通过CLI使用百舸服务
更新时间:2025-06-19
使用命令行工具操作百舸与用户在百舸操作具有相同的权限控制,AK/SK所属用户需要在百舸控制台获得对应的操作权限(如资源池、队列、训练任务的开发权限、管理员权限)才能对资源池、队列、训练任务进行管理操作
通用语法和参数
Bash
1$ aihc [资源] <command> [flags] [options]
- 全局通用参数 --help/-h:所有命令可以通过此参数获得帮助信息,查看使用说明
- 列表页通用参数 --order :列表页接口支持排序参数,可选值asc, desc,默认值desc
--orderBy:设置排序字段,默认值createTime
--page:支持分页的接口可以指定页数,默认值1
-s, --size:分页大小,默认值100
p/n/q:带有翻页的命令,输p/n/q可以实现翻页或退出(上一页:p;下一页:n;退出:q)
查看参数说明
在输入任何命令之后添加 -h ,即可查看对应命令的参数说明,例如 aihc job list -h
Bash
1# 获取任务列表命令的参数说明
2$ aihc job list -h
3列出所有的训练任务。
4
5Usage:
6 aihc job list [flags]
7
8Aliases:
9 list, ls
10
11Flags:
12 -h, --help help for list
13 -n, --name string 任务名称关键字
14 --order string 排序方式(asc/desc) (default "desc")
15 -o, --order-by string 排序字段 (default "createdAt")

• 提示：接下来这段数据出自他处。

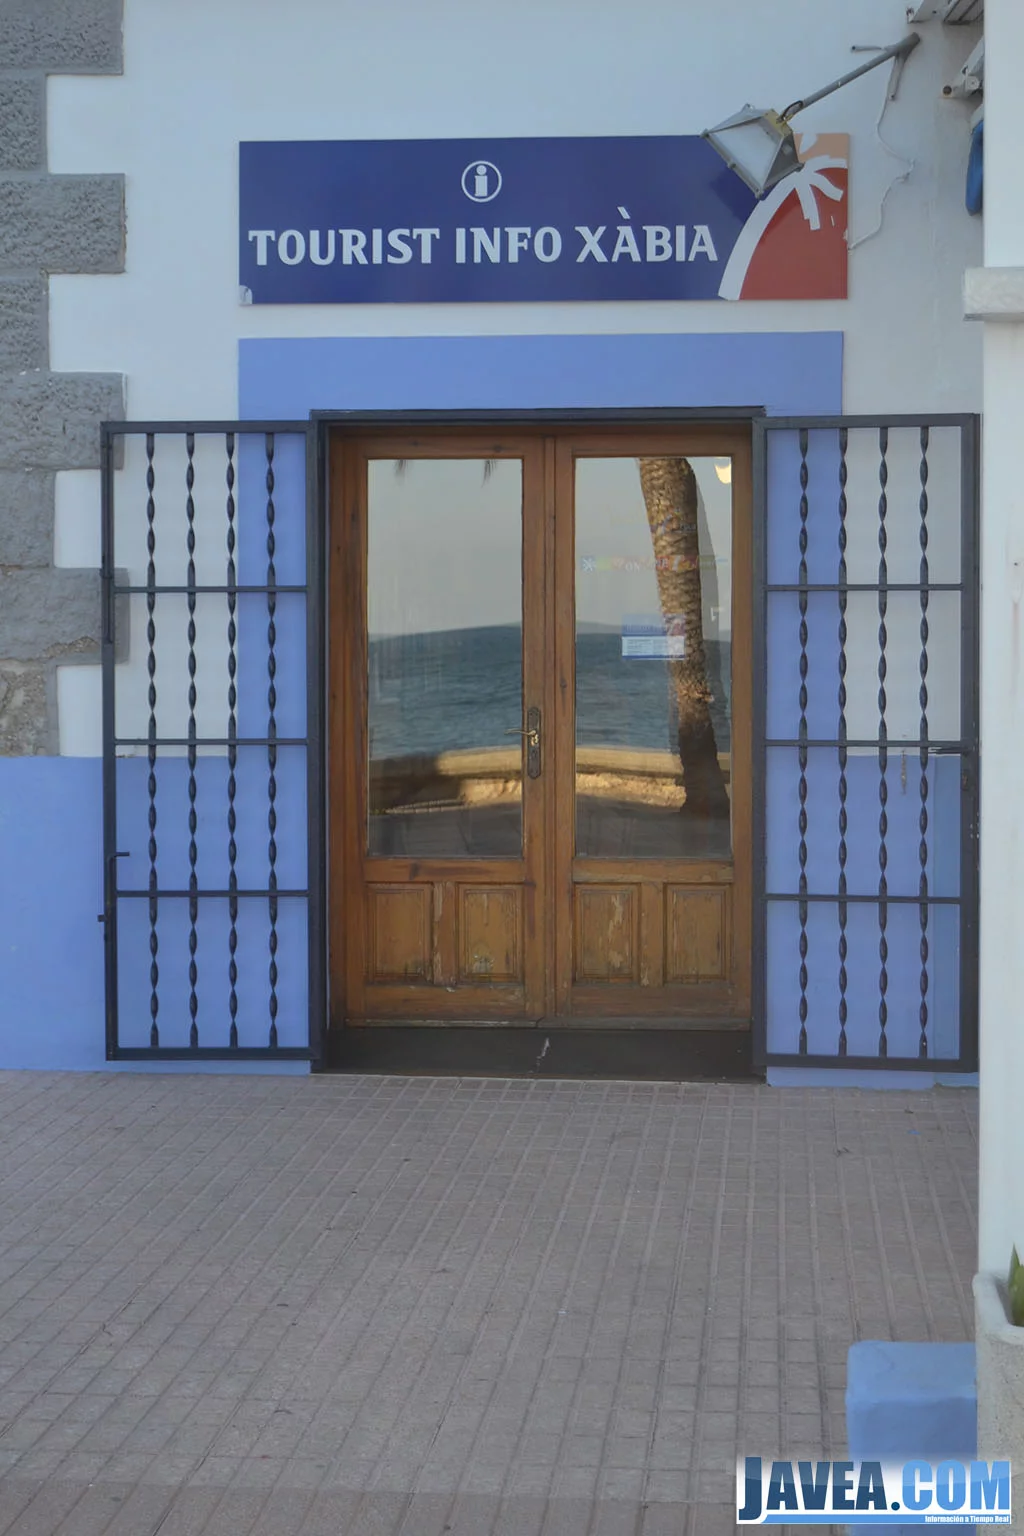 La oficina de turismo del puerto de Jávea se encuentra en el Paseo Marítimo a primera línea de la Playa de la Grava

16 --page int 页码 (default 1)
17 -p, --pool string 资源池ID
18 -q, --queue string 队列ID
19 --size int 每页显示数量 (default 100)
20
21Global Flags:
22 -C, --config string Global configuration file. (default "/Users/luyuchao/.aihc/config")
资源池相关操作
获取资源池列表
Bash
1$ aihc pool list [flags]
2 -h, --help help for list
3 -l, --limit int Number of resource pools to return (default 100) 设置返回资源池最大数量
4 --offset int Offset of the first resource pool to return
5 --order string Sort order (asc, desc) (default "desc")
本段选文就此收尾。